S&P Global Ratings extended its bullish appraisal of electric vehicle maker Tesla (NASDAQL TSLA), upgrading the company’s debt rating from B+ to BB-. The raise puts the electric automaker just two notches from “investment grade” ratings.
“The stable outlook reflects our view that Tesla’s competitive position remains solid and its credit metrics will stay in line with our expectations,” S&P stated in a press release.
The BB rating is “less vulnerable in the near term but faces major ongoing uncertainties to adverse business, financial and economic conditions.”
To be considered investment grade, the company must be rated at BBB or higher.

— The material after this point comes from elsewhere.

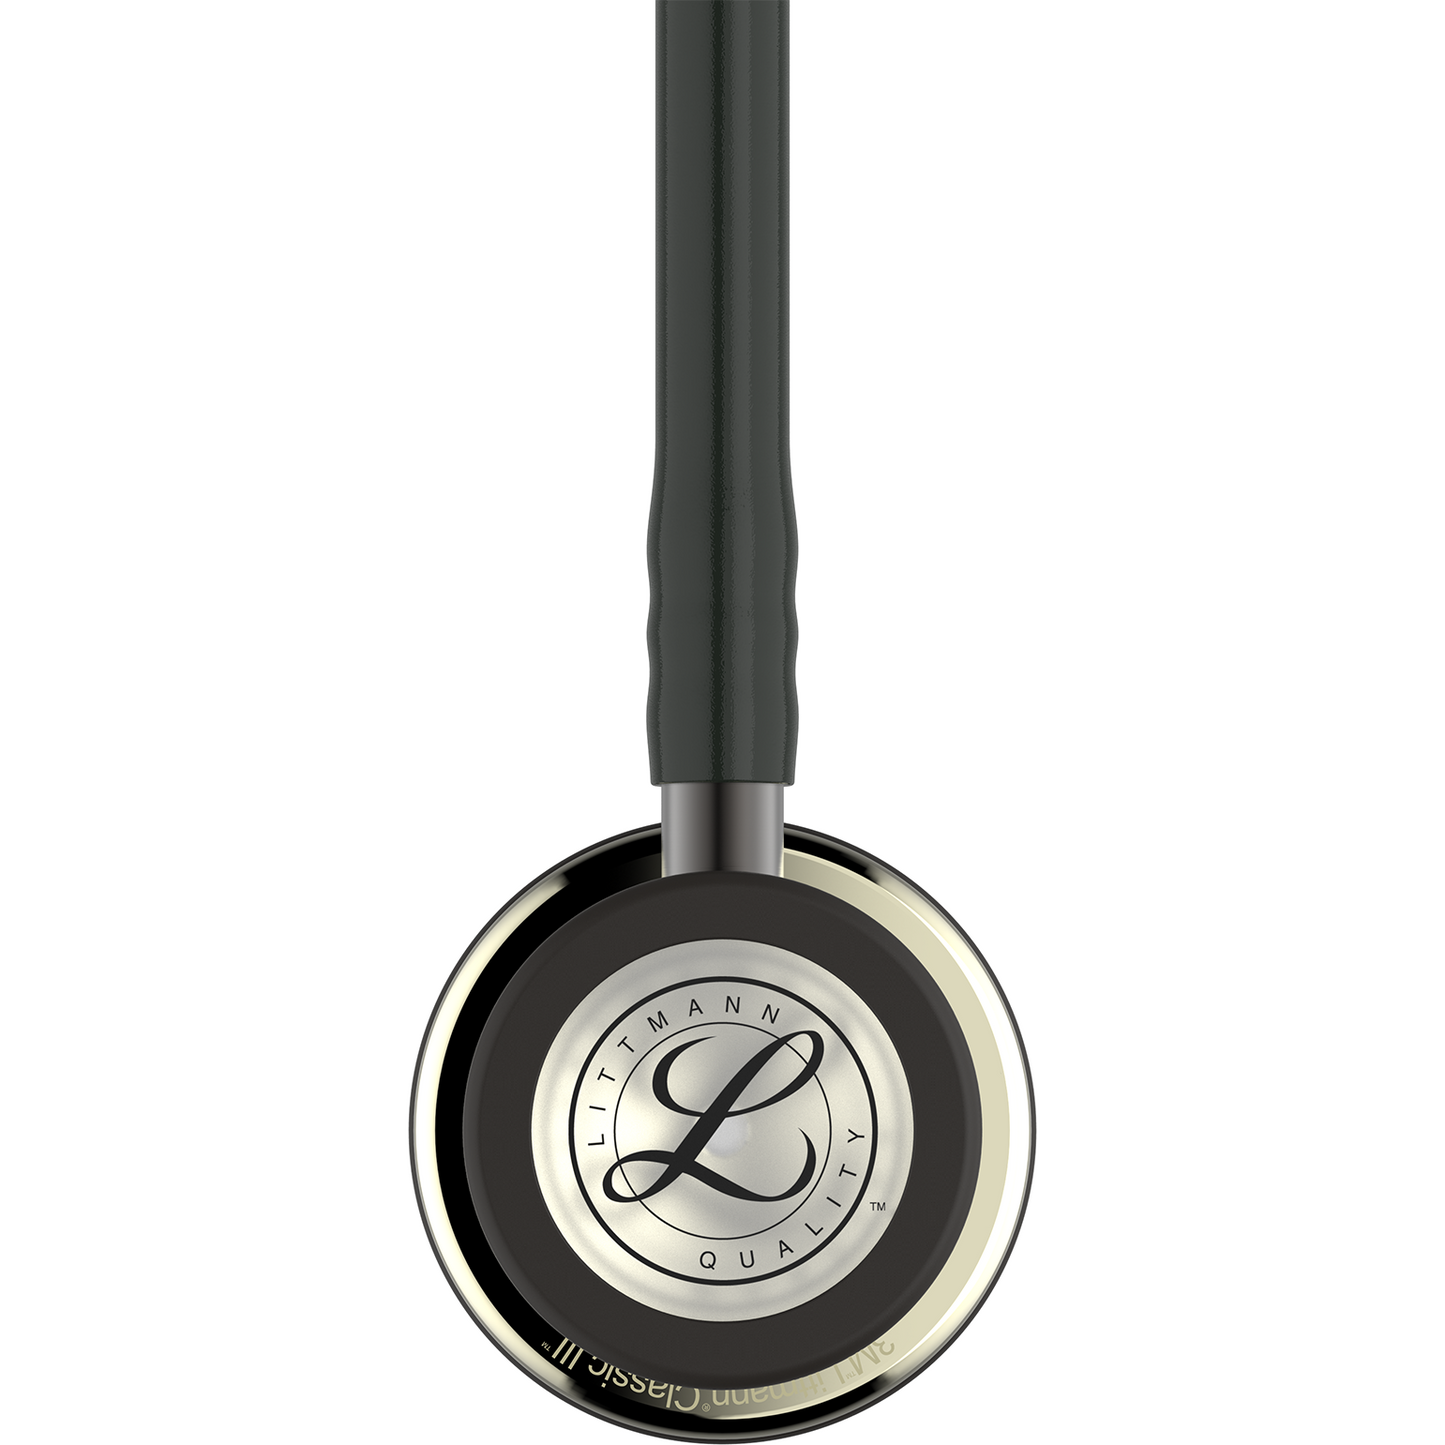 Littmann Classic III Stethoscope: Champagne & Black 5861 3M Littmann

The latest upgrade is Tesla’s second in three months, as the EV maker went up a notch, from B- to B+ in late July.
While the battery electric vehicle (BEV) market remains “a sliver” of total U.S. auto sales, Tesla’s BEV market share in the U.S. stood at almost 80% in the first half of 2020, according to the release.
S&P’s latest forecast projects Tesla deliveries of over 470,000 in 2020 and over 800,000 in 2021 as production for the Model Y increases.
“This ramp-up in production was significantly faster than its initial Model 3 ramp-up, which took over nine months to reach the same weekly rate,” the release stated. “We expect further improvements in efficiency, cost and technology as Tesla builds on lessons learned from prior factories.”
In July, Tesla announced it will build its newest Gigafactory near Austin, Texas. The 2,000-acre site will be used to build the Cybertruck, the Tesla Semi and the Model 3 and Model Y for the eastern half of North America.
Among the factors that could lower the rating include problems expanding global manufacturing, lowered demand for EVs, competition from traditional automakers and “draw[ing] customers away from buying Tesla’s vehicles,” S&P stated.